Aug 26, 2019 in Press Releases

XPhyto Therapeutics To Acquire German Narcotics Company

Vancouver, Canada (August 26, 2019) – XPhyto Therapeutics Corp. (CSE:XPHY; FSE:4XT) (“XPhyto” or the “Company”) is pleased to announce that it has entered into a definitive share purchase agreement (the “Agreement”) with Vektor Pharma TF GmbH (“Vektor”), a German narcotics manufacturer, to acquire 100% of the issued and outstanding shares. XPhyto has also entered into an equipment purchase agreement (the “Equipment Agreement”) with an affiliated company to purchase thin film drug delivery manufacturing equipment.

Vektor is a German-based narcotics company focused on the research, development and production of therapeutic films for pharmaceuticals, cosmetics and food. The company has established itself as an expert in the design, testing and manufacture of thin film drug delivery systems, including transdermal patches and sub-lingual (oral) strips. Vektor also holds a number of valid narcotics licences pursuant to EU GMP certification and other governing regulations: Import Permit for drug dosage forms; Import Permit for cannabis; Manufacturing Permit for clinical samples; Manufacturing Permit for final drug product release; Analytical Permit for chemical and physical testing; Permit to handle narcotic drugs; and a Permit to handle animal tissue. Vektor’s various narcotics licences include authorizations related to conventional and cannabis-related prescription medications, including but not limited to: Buprenorphine, cannabis, Dronabinol, Fentanyl, Hydromorphone, Oxycodone, and THC.

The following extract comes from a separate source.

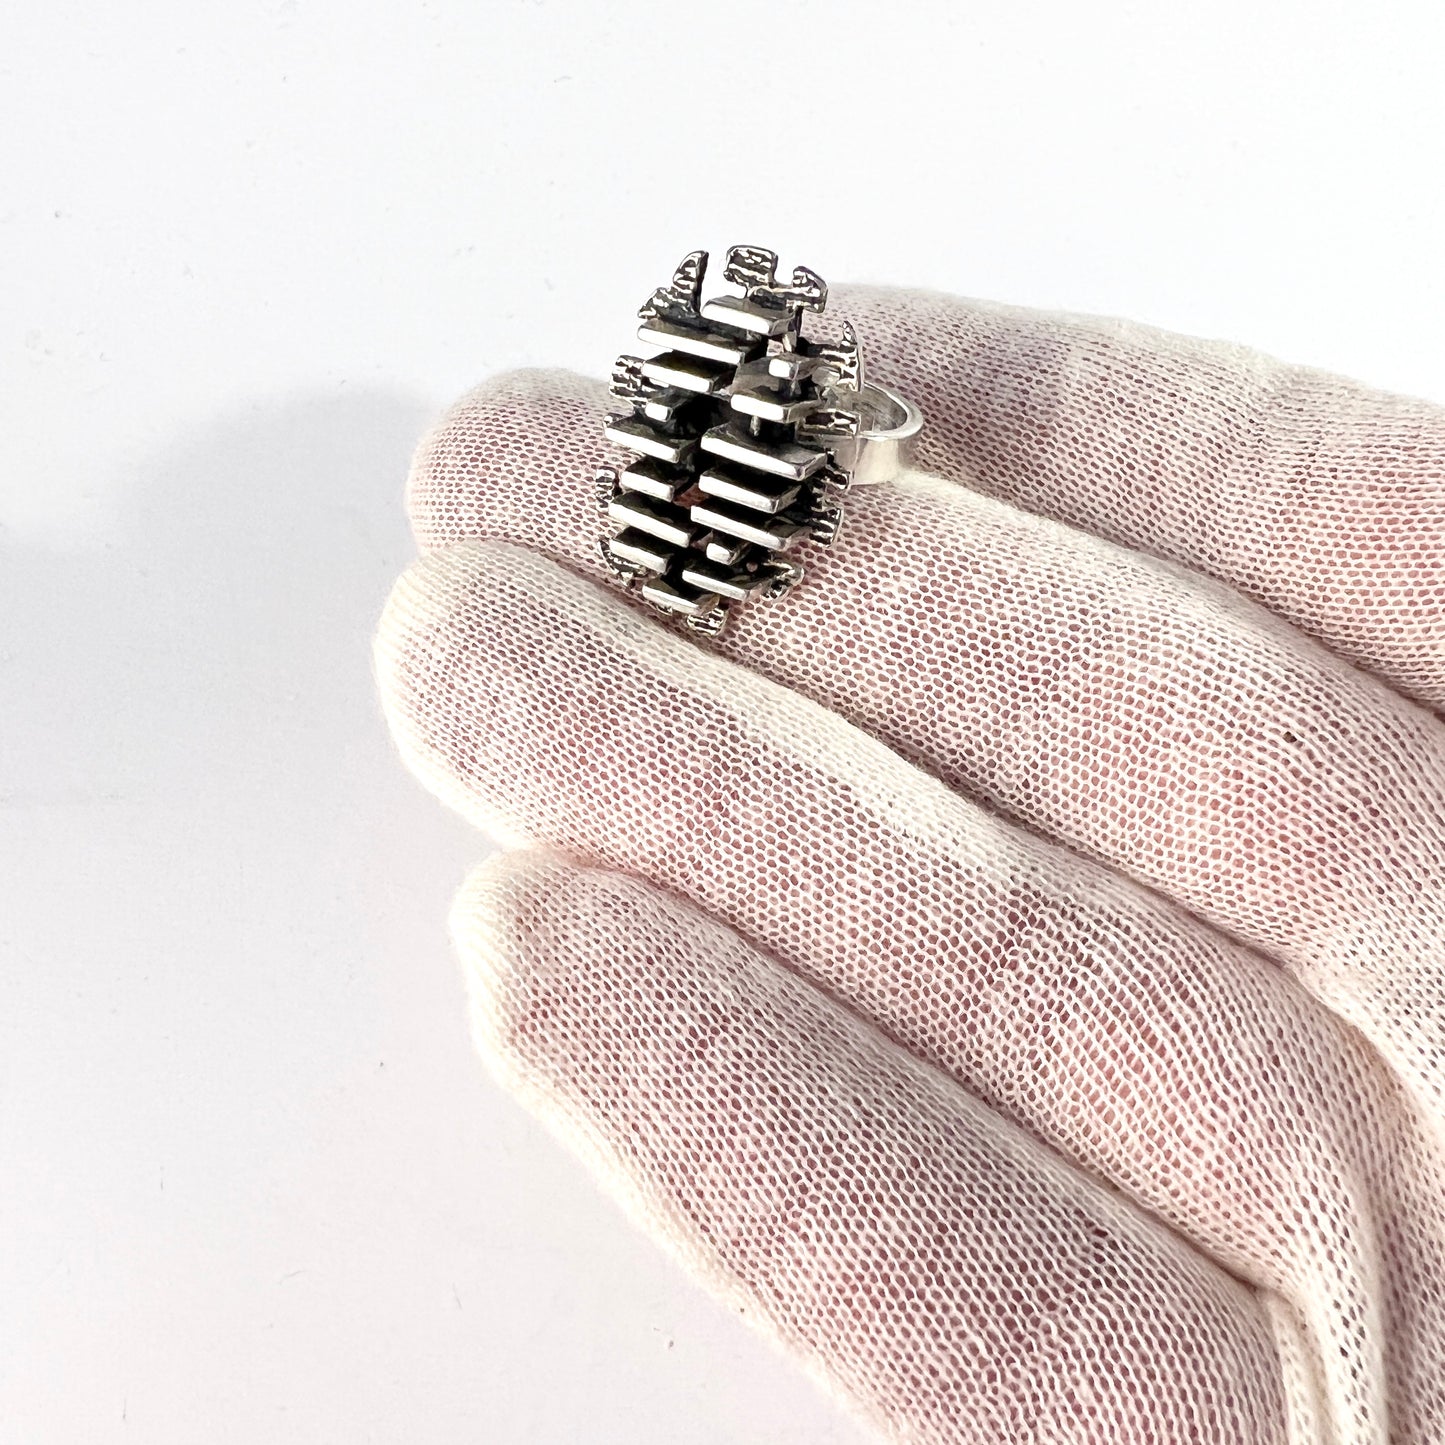 Israel 1970s. Vintage Modernist Sterling Silver Ring. Makers Mark.

“XPhyto is building a next generation cannabis company focused on medical formulation, clinical validation and emerging European markets,” said Hugh Rogers, CEO of XPhyto. “We believe that Vektor will add significant long-term value at every level of our business, from clinical trial expertise and drug manufacturing capability to their German cannabis and narcotics import licences and strong relationships with the German health authority.”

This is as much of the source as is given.